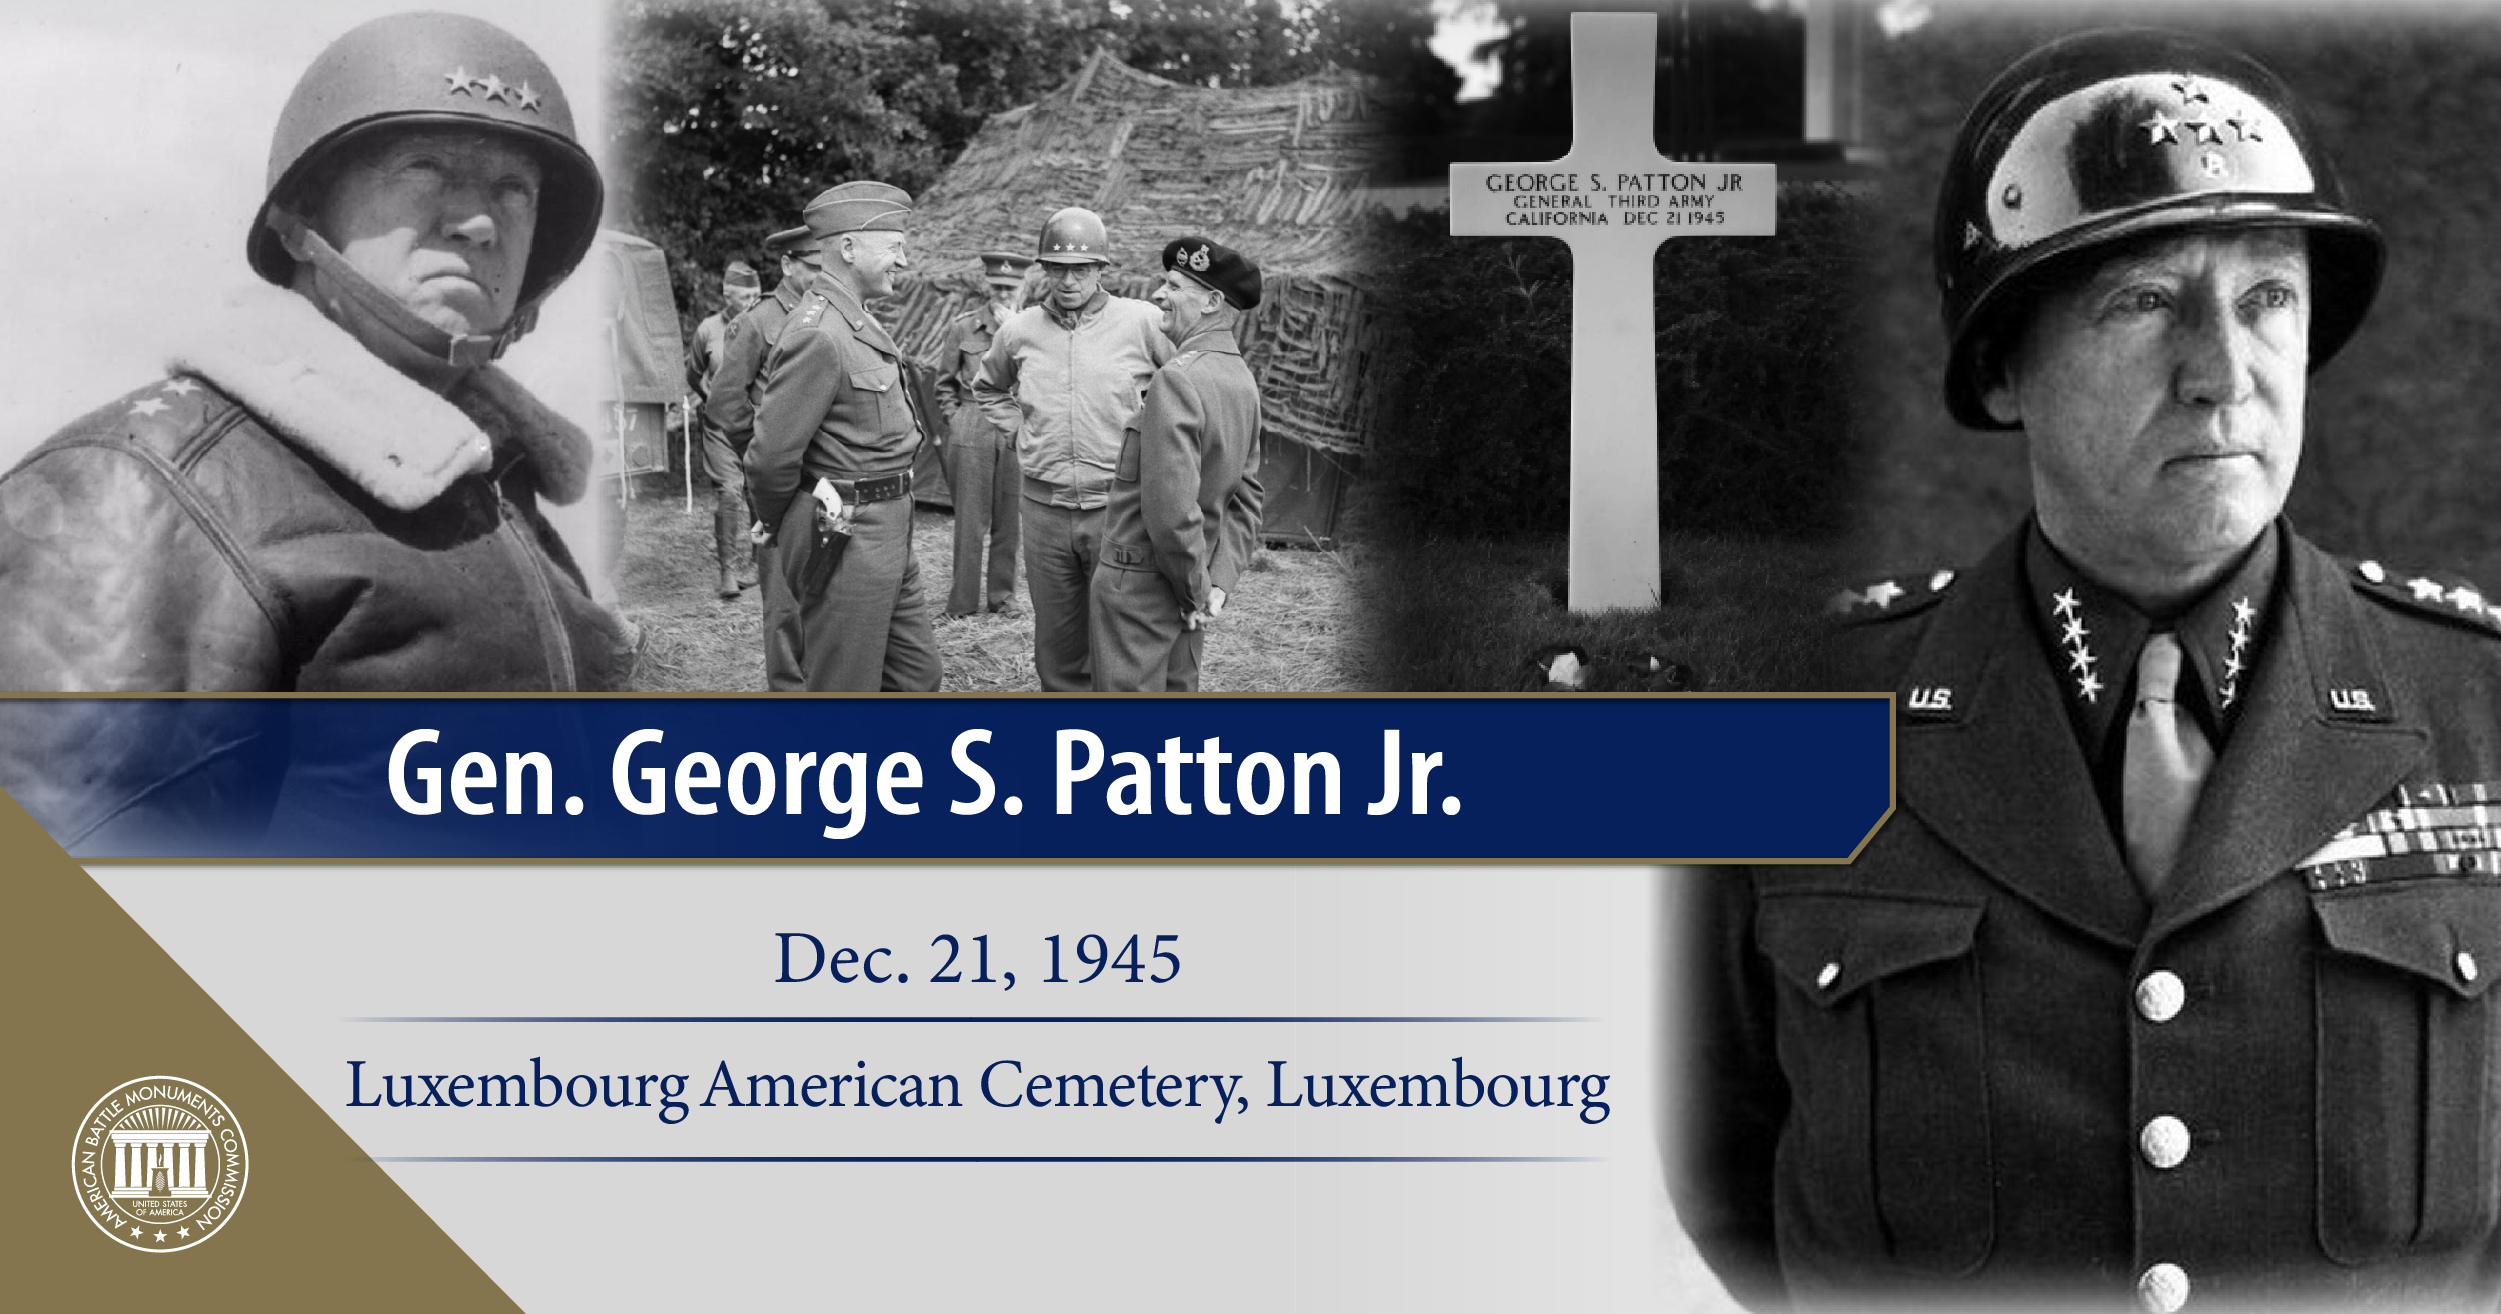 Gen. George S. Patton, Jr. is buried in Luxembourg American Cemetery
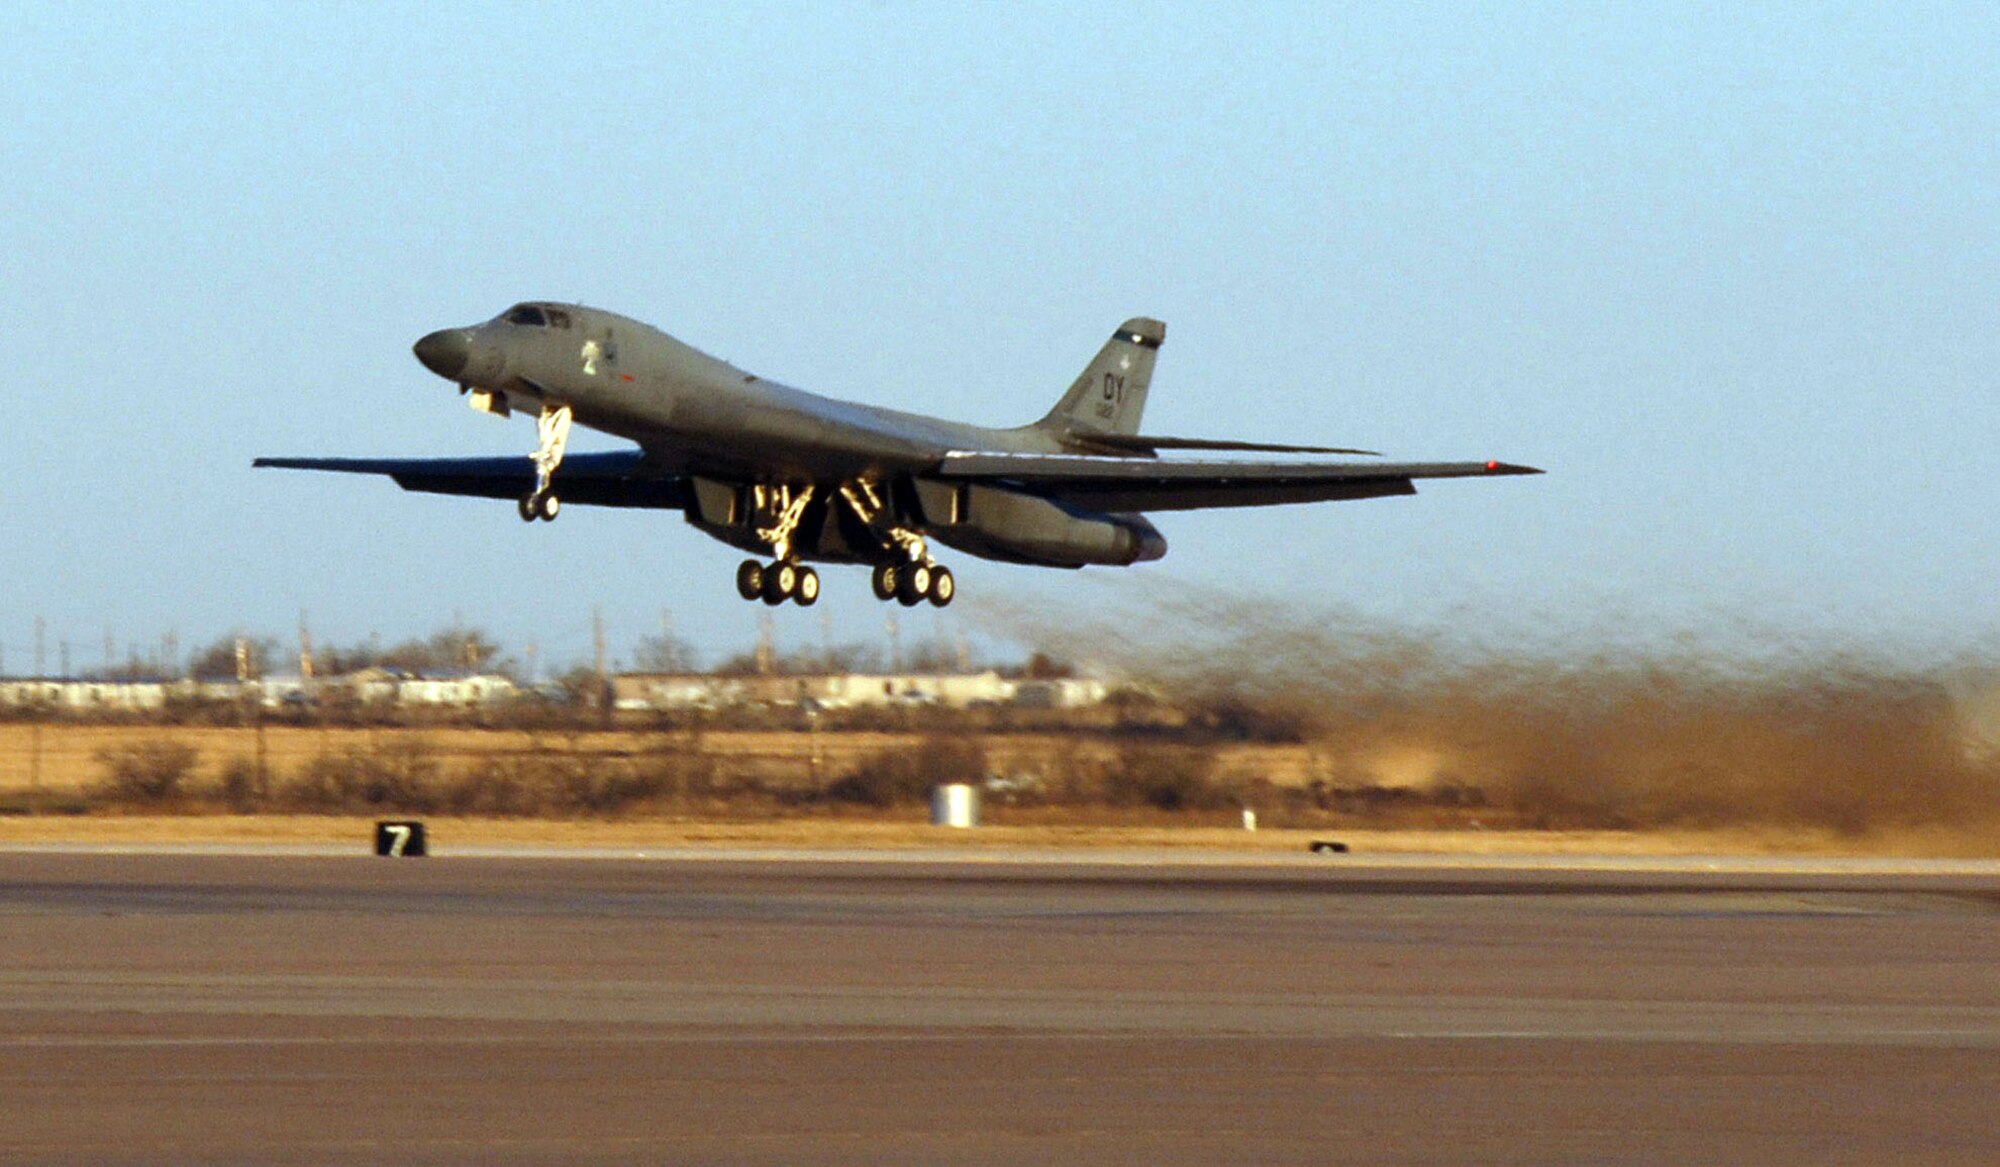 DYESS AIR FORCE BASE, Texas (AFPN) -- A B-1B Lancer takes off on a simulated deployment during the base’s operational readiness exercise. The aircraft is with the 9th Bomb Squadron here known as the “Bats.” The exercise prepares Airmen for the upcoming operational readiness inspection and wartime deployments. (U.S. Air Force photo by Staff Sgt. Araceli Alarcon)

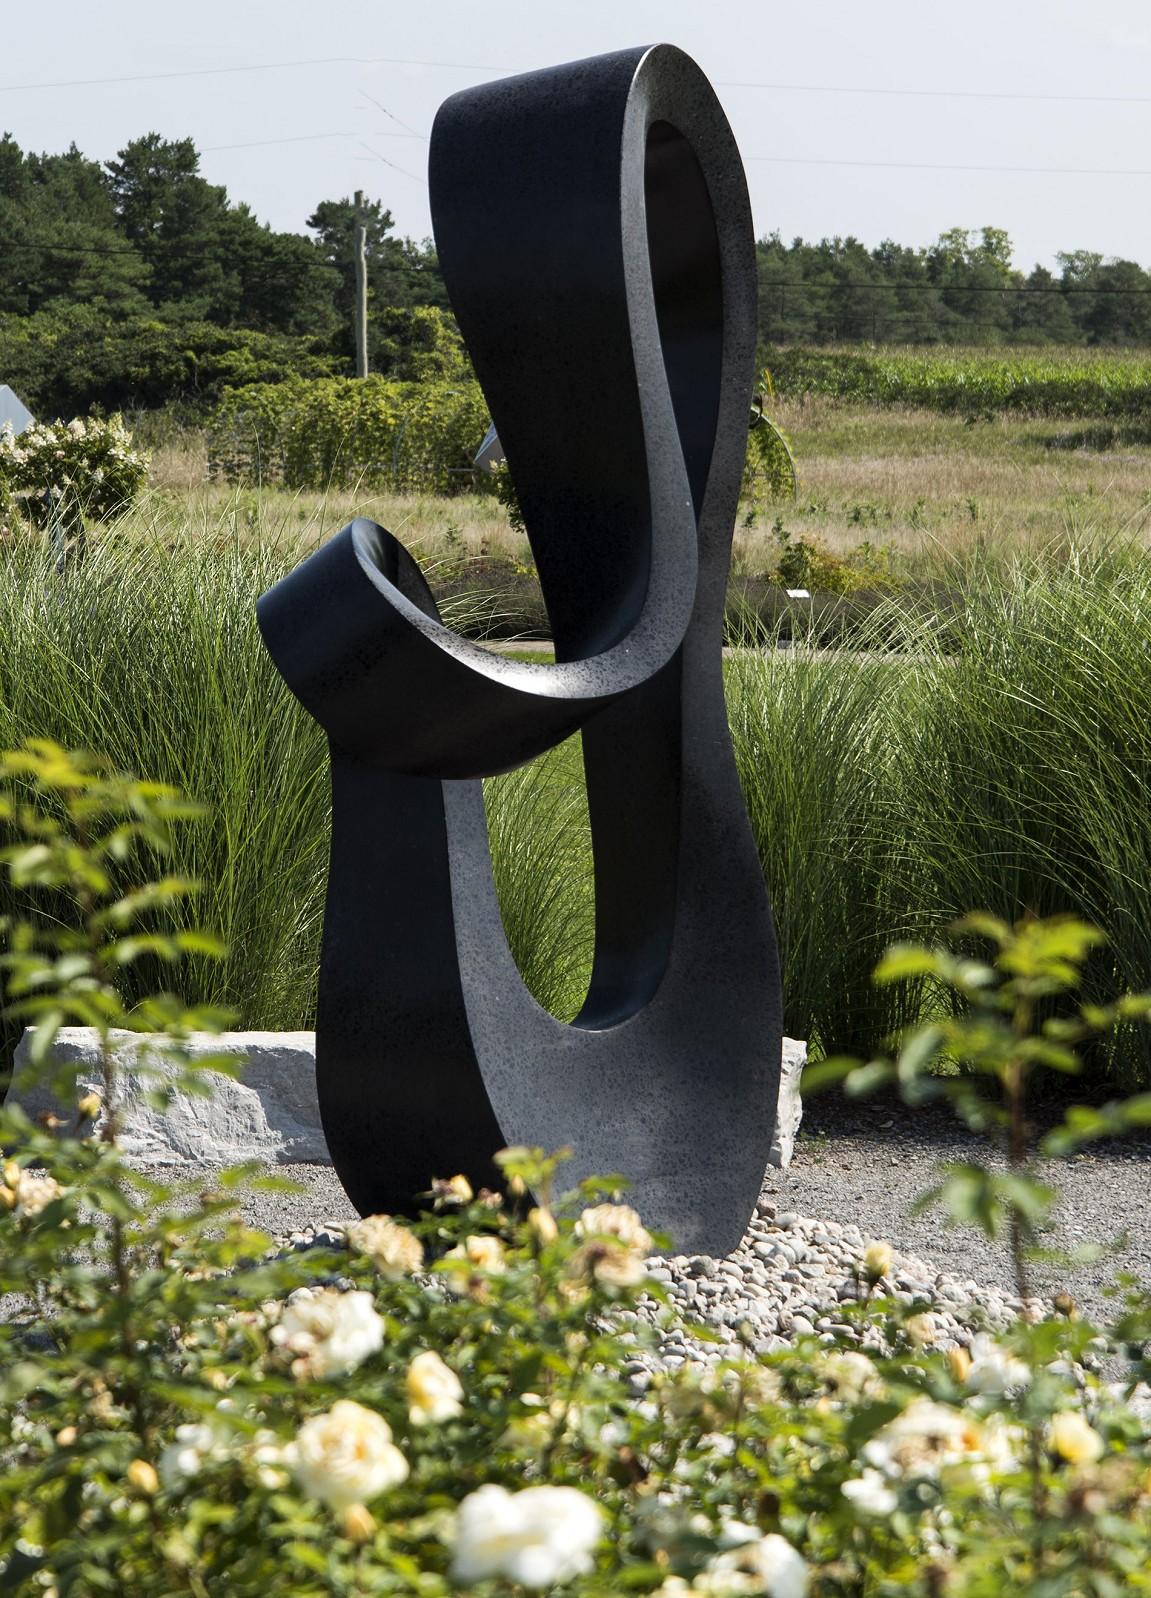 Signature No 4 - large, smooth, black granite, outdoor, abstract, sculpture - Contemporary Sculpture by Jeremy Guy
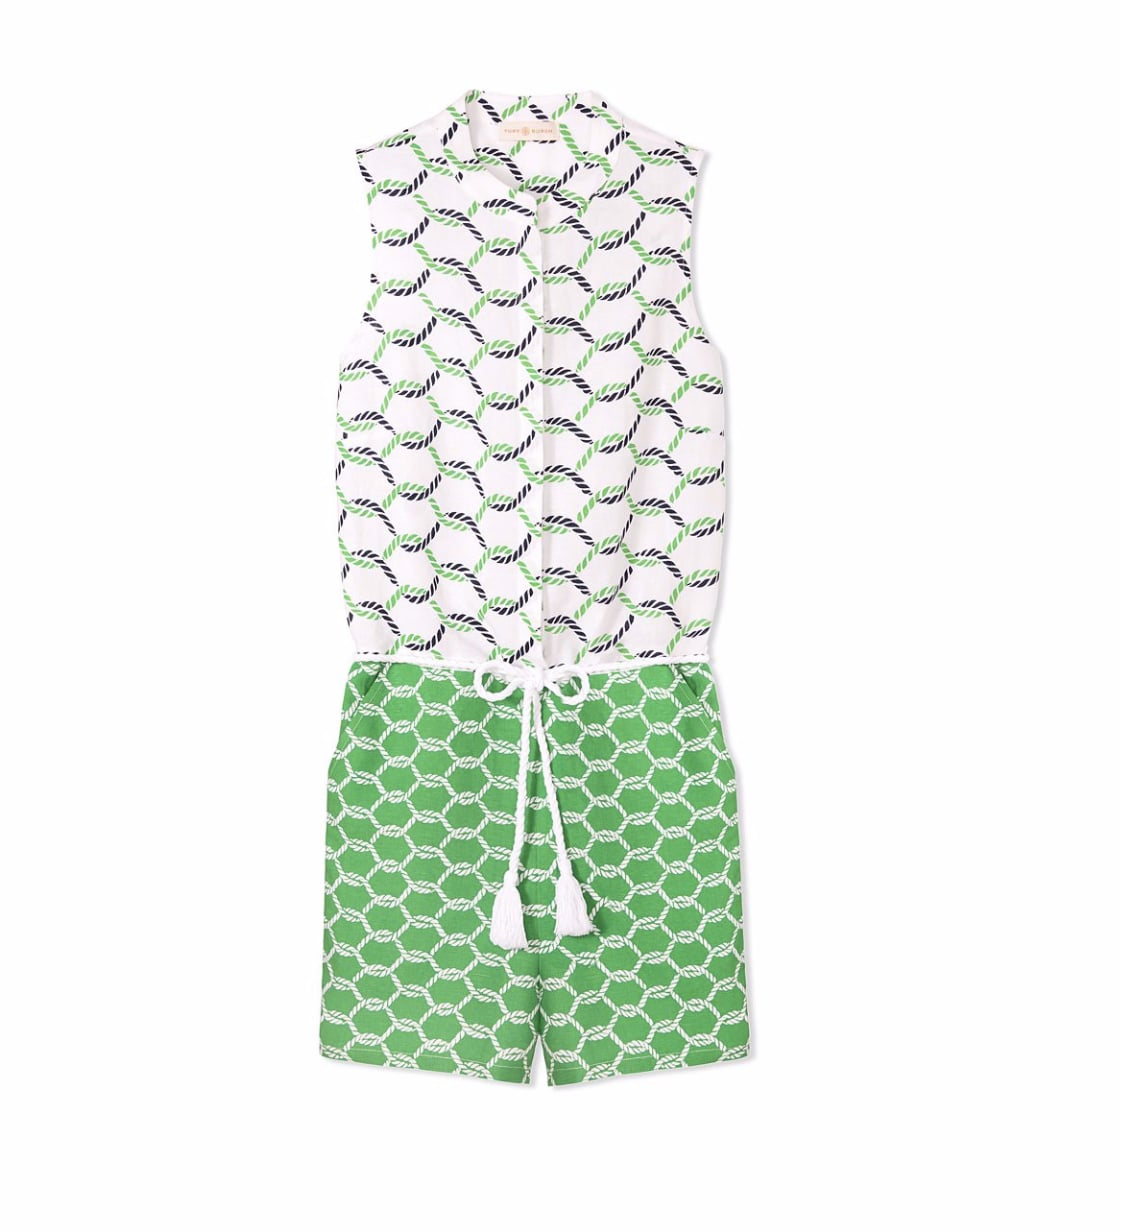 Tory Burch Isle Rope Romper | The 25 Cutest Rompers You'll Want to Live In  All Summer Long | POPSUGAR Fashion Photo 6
§
*Exercise prompt*
Write out, please, the lines of the listing above from the one with "Signature No 4" through the very last, exactly as given and with no pictures.

*Solved exercise*
 Signature No 4 - large, smooth, black granite, outdoor, abstract, sculpture - Contemporary Sculpture by Jeremy Guy
 Tory Burch Isle Rope Romper | The 25 Cutest Rompers You'll Want to Live In  All Summer Long | POPSUGAR Fashion Photo 6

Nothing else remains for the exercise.